EXERCISE OBJECTIVE =>
In the material below, find the line with "Vintage Aviator Sunglasses 85" and the line with "Fromm Four Star", then output both and every line between them exactly, omitting pictures.

SUPPLIED DATA =>
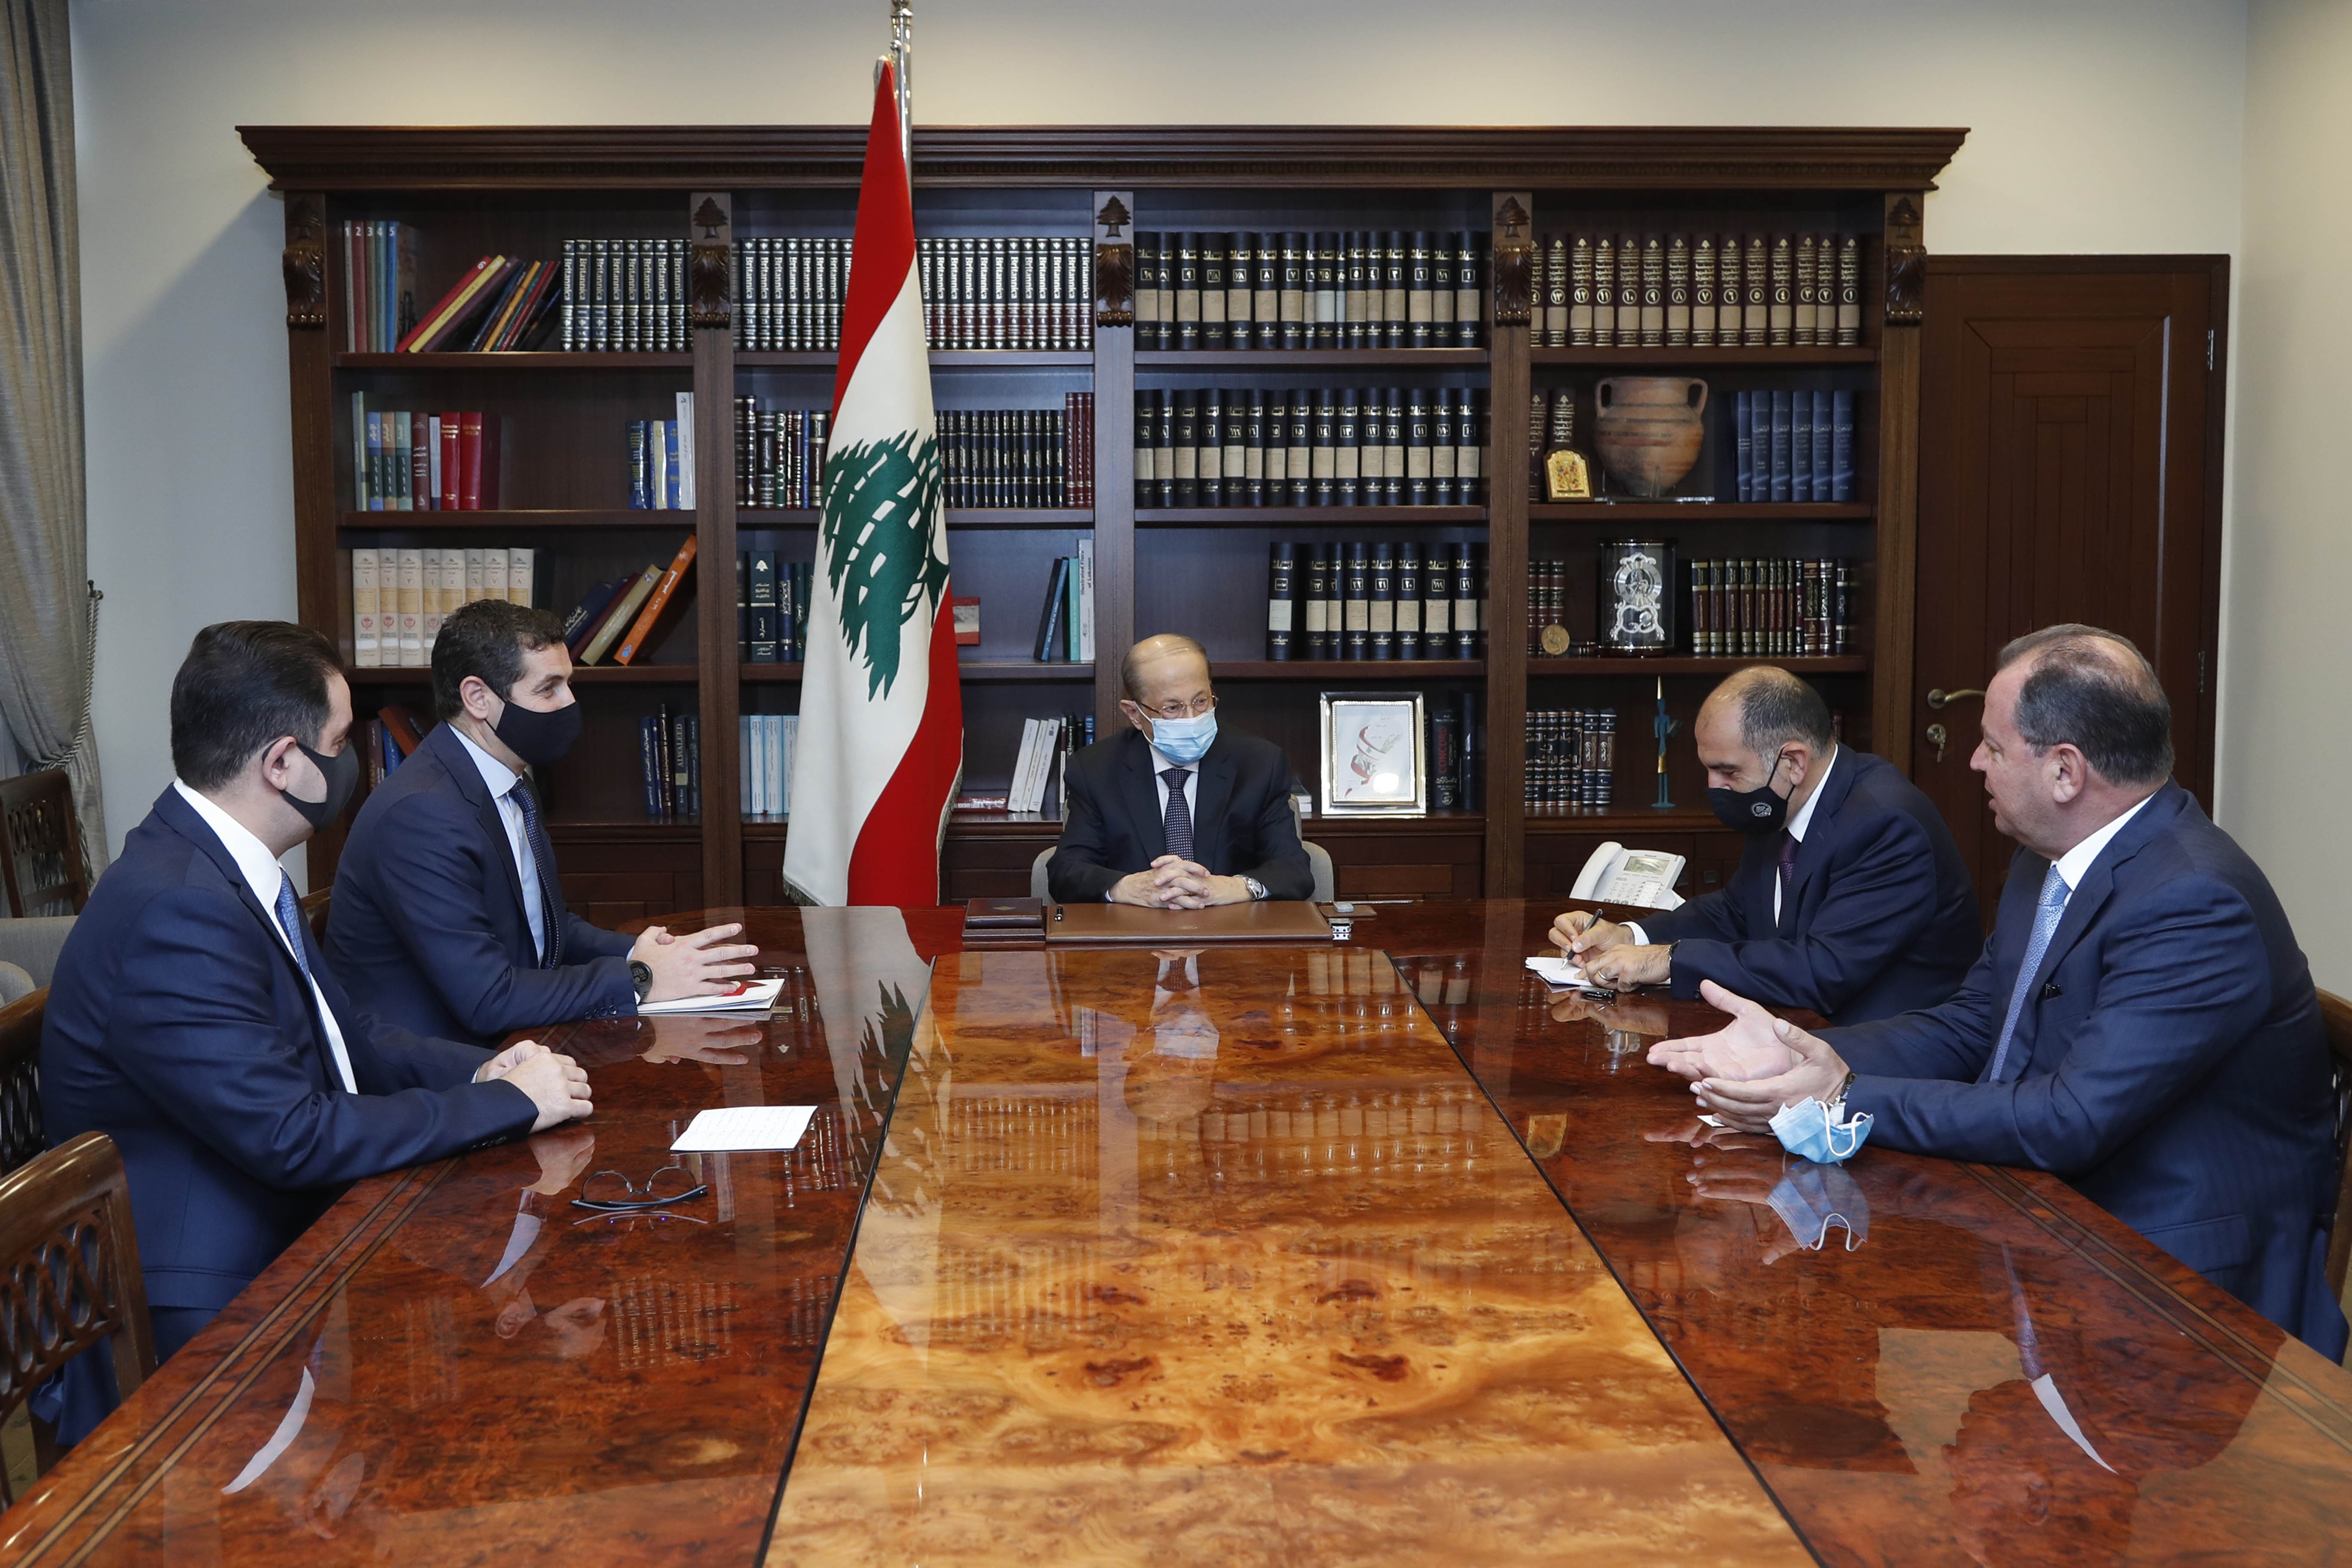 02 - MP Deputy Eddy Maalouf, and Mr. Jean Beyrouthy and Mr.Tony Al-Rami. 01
...
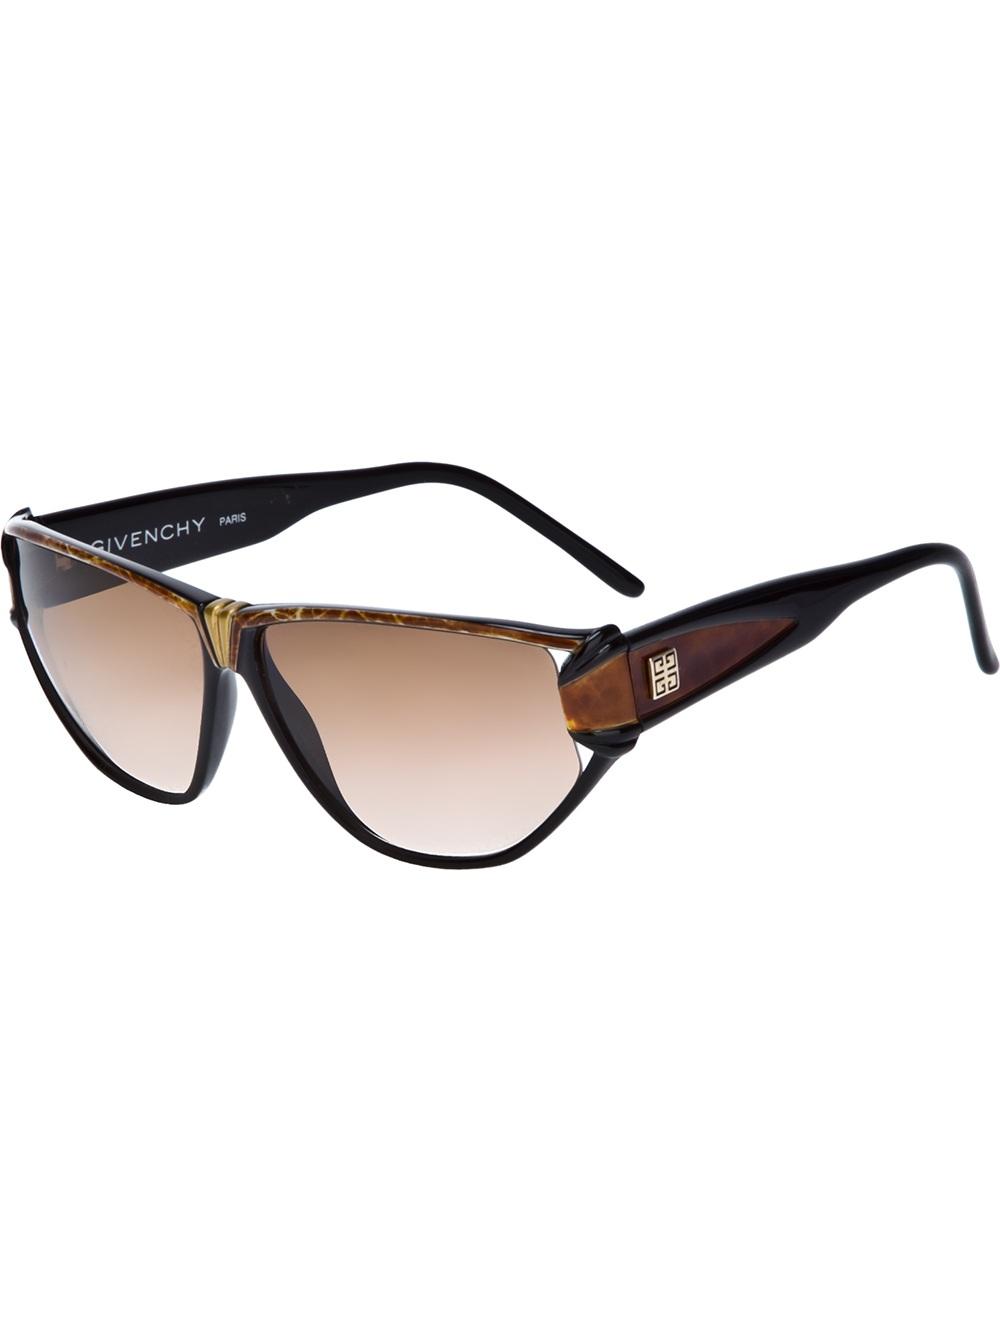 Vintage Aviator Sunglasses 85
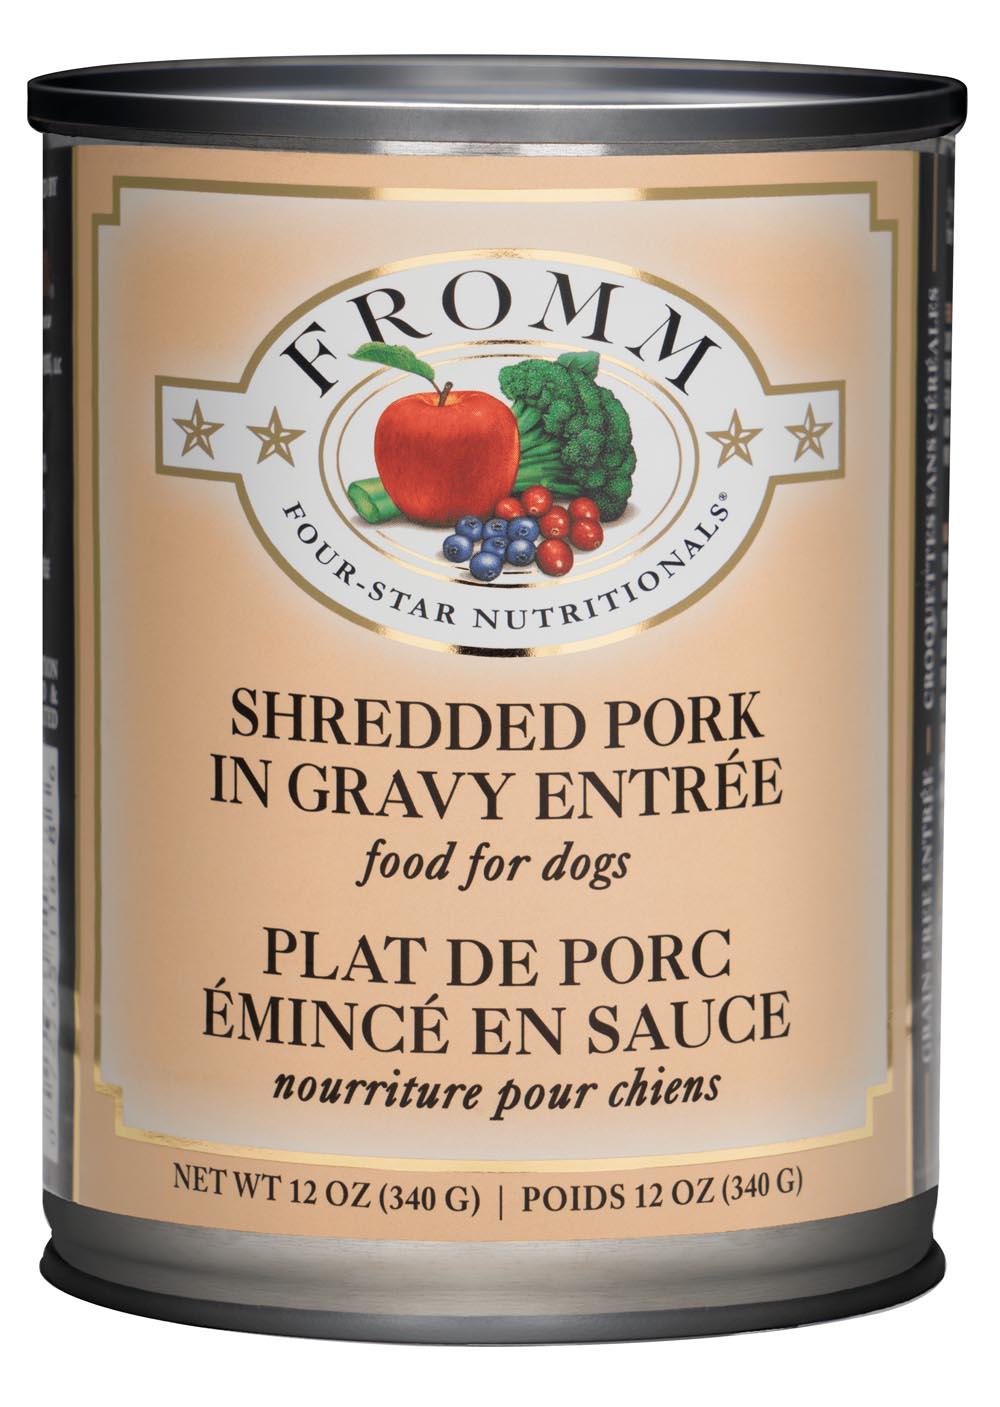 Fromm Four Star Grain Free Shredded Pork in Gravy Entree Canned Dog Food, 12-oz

WRITTEN SOLUTION =>
 Vintage Aviator Sunglasses 85
 Fromm Four Star Grain Free Shredded Pork in Gravy Entree Canned Dog Food, 12-oz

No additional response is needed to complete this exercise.